Гостья, довольно-таки милостиво согласившаяся разделить со своим благородным спасителем трапезу, быстренько смела свою долю и теперь неторопливо прихлебывала кофе, без всякого стеснения разглядывая странного мужика. Странным майора Елена назвала после того, как он сначала на опасливый вопрос о возможных приставаниях ответил: «Даже и не надейся!» – а чуть позже на просьбу «плеснуть немножечко водочки и девушке» пригрозил «наддать по заднице».
– Ты не мент, – после некоторых умозаключений вынесла вердикт Елена. – И не спортсмен. Ты или военный, или крутой бандит – такой, знаешь, благородный…
– Угу, – приминая окурок в пепельнице, кивнул Орехов, – угадала. Киллер я. Но очень благородный. Иногда даже тошно от этого благородства. Сейчас сидел бы и спокойно водку пил… Так нет, спас на свою голову… журналистку.
– Нет, на киллера ты не похож, – убежденно заключила гостья и с чисто женской последовательностью спросила: – А почему ты не поинтересуешься, как я к этим уродам чуть не попалась?
– Тоже мне секрет… Небось решила изучить явление изнутри, а потом написать «супербомбу» для желтой газетенки? Не знаю уж, что там у тебя было в школе по русскому и литературе, но по ОБЖ тебе надо ставить твердую двойку, а то и единицу. Падишах в гуще народа… Так, ты поела? Отдышалась? Сейчас я такси вызову, и дуй-ка ты к маме с папой!

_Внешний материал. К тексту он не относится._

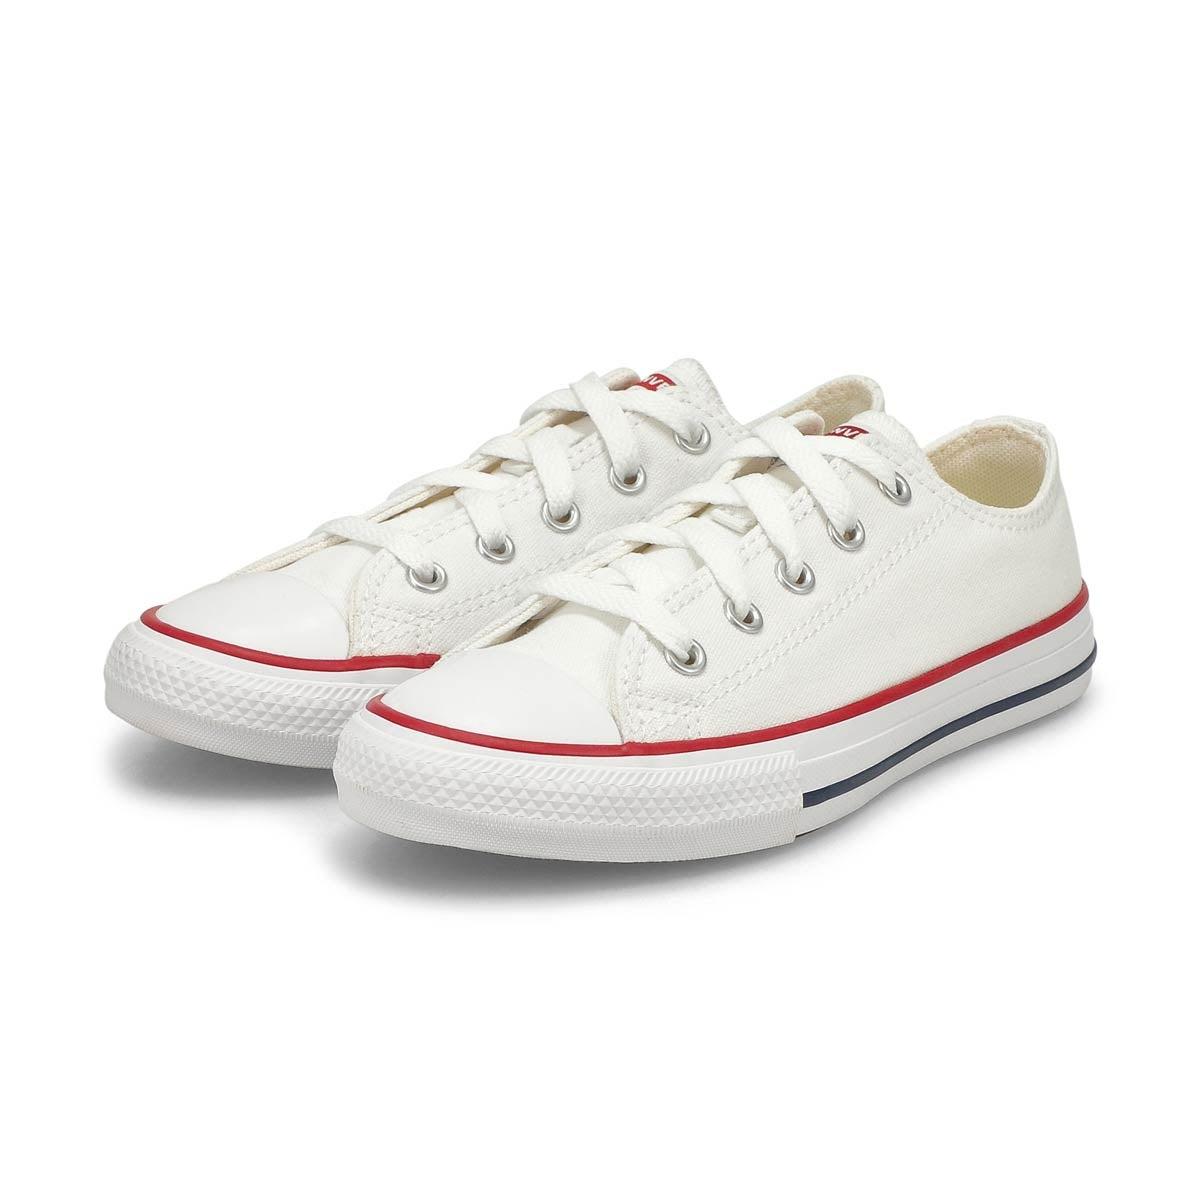 Kids' Chuck Taylor All Star Sneaker - White

– Я приезжая, у дядьки живу. – Елена слегка опечалилась. – Он, между прочим, военный в отставке. Он в Африке воевал и даже в плену там был, в тюрьме сидел!
– Я ему искренне сочувствую. – Орехов поднялся и направился к телефону. Такси женским голосом пообещало приехать минут через десять. – Собирайся, сейчас машина придет.

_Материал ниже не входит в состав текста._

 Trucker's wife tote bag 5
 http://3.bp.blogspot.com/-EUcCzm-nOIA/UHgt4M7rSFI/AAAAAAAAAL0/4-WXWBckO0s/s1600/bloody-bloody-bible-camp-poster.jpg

– Слушай, а что ты там, ну, во дворе, сказал этим козлам? Не по-русски что-то?
– Это по-арабски. «Если волк решил задрать овцу, то он должен посмотреть, нет ли где поблизости волкодава».
Расставание прошло вполне обыденно, без особых эмоций. Майор, явно тяготившийся ролью благородного рыцаря, все же проводил Елену до машины, после чего вернулся в квартиру с твердым намерением теперь-то уж напиться по-настоящему. Но настроение каким-то непостижимым образом изменилось, и сейчас Орехову вдруг захотелось просто посидеть молча и послушать какую-нибудь хорошую музыку. Соответствующий агрегат в квартире нашелся, а вот подбор дисков оказался каким-то не очень веселым. Первая же песня попала почти в десятку. Орехов выругался, выпил еще стопку, закурил и снова затосковал всерьез.

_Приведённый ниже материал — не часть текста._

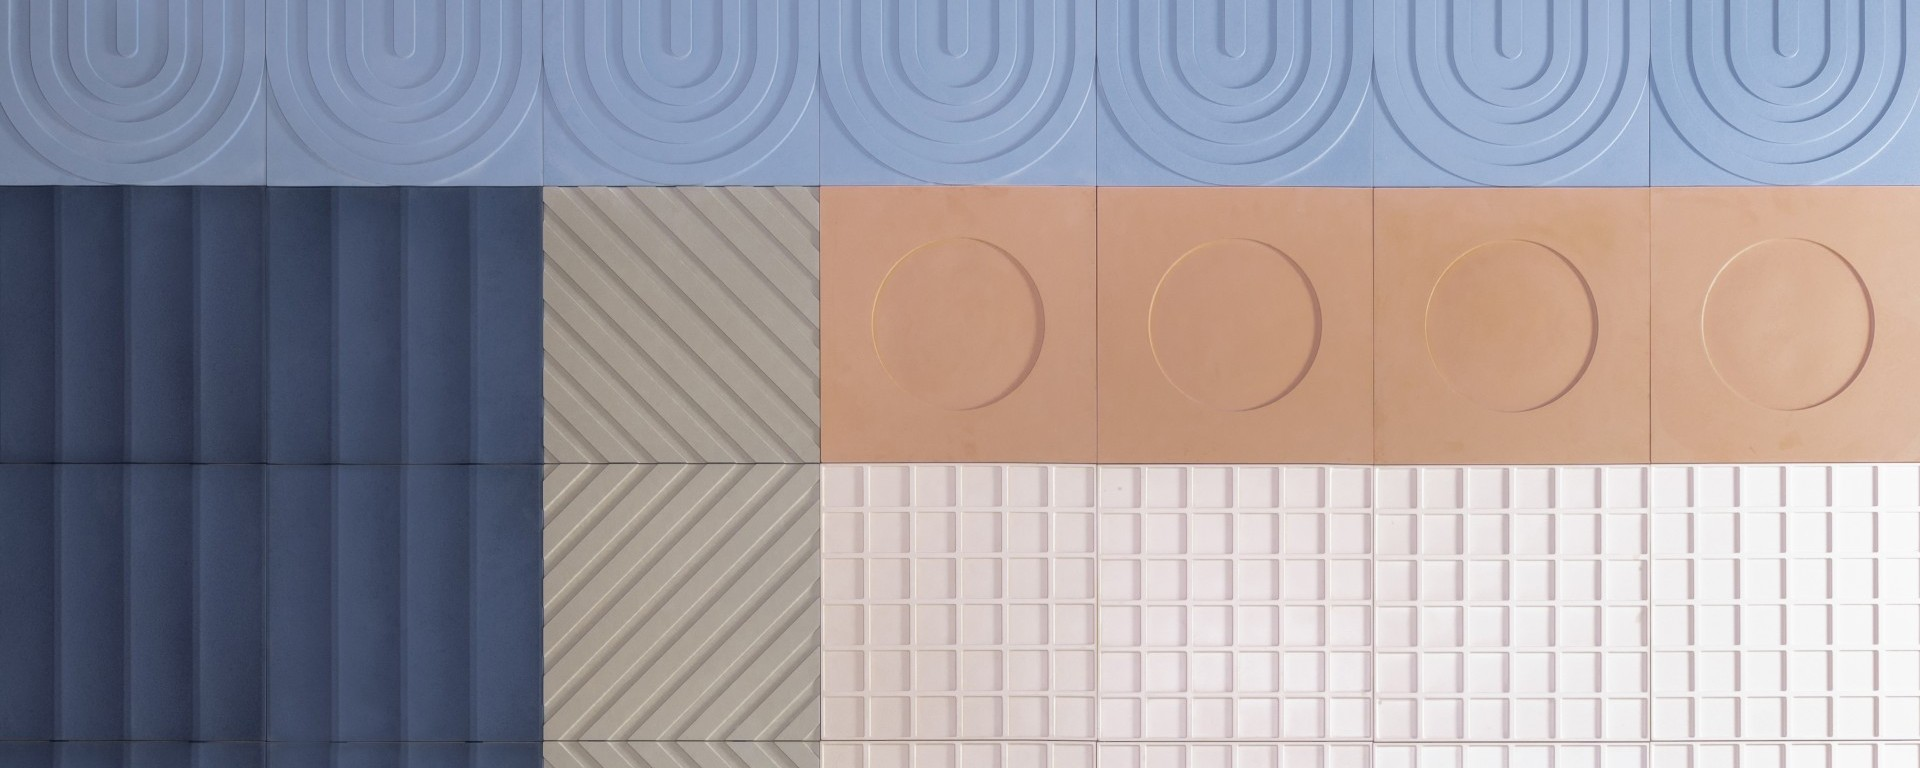 Kaza Concrete Diverge collection Aimee Munro 3d tile

«Гвардии майор здесь никому не нужен, как белая сирень под каблуком сапог…» – старательно хрипел мужской голос, и Орехов, окутанный серо-голубым сигаретным дымом, покачивал в такт головой и ухмылялся нетрезво и зло. Потом Газманов пел про далекий дом и про кресты, что должны хранить покой умерших на чужбине казаков, а уж за ним последовал Розенбаум со своим «Черным тюльпаном». Неведомо, что все-таки добило Орехова, – вердикт дока, песни, напомнившие о погибшем в Афганистане брате, водка или все вместе, – но закончилось все невесело…
Чуть позднее Орехов понял, что док был прав и мудр, когда сунул ему ключи от этой пустующей берлоги: оказывается, и в жизни мужественных майоров бывают такие минуты, когда никому не нужно их видеть…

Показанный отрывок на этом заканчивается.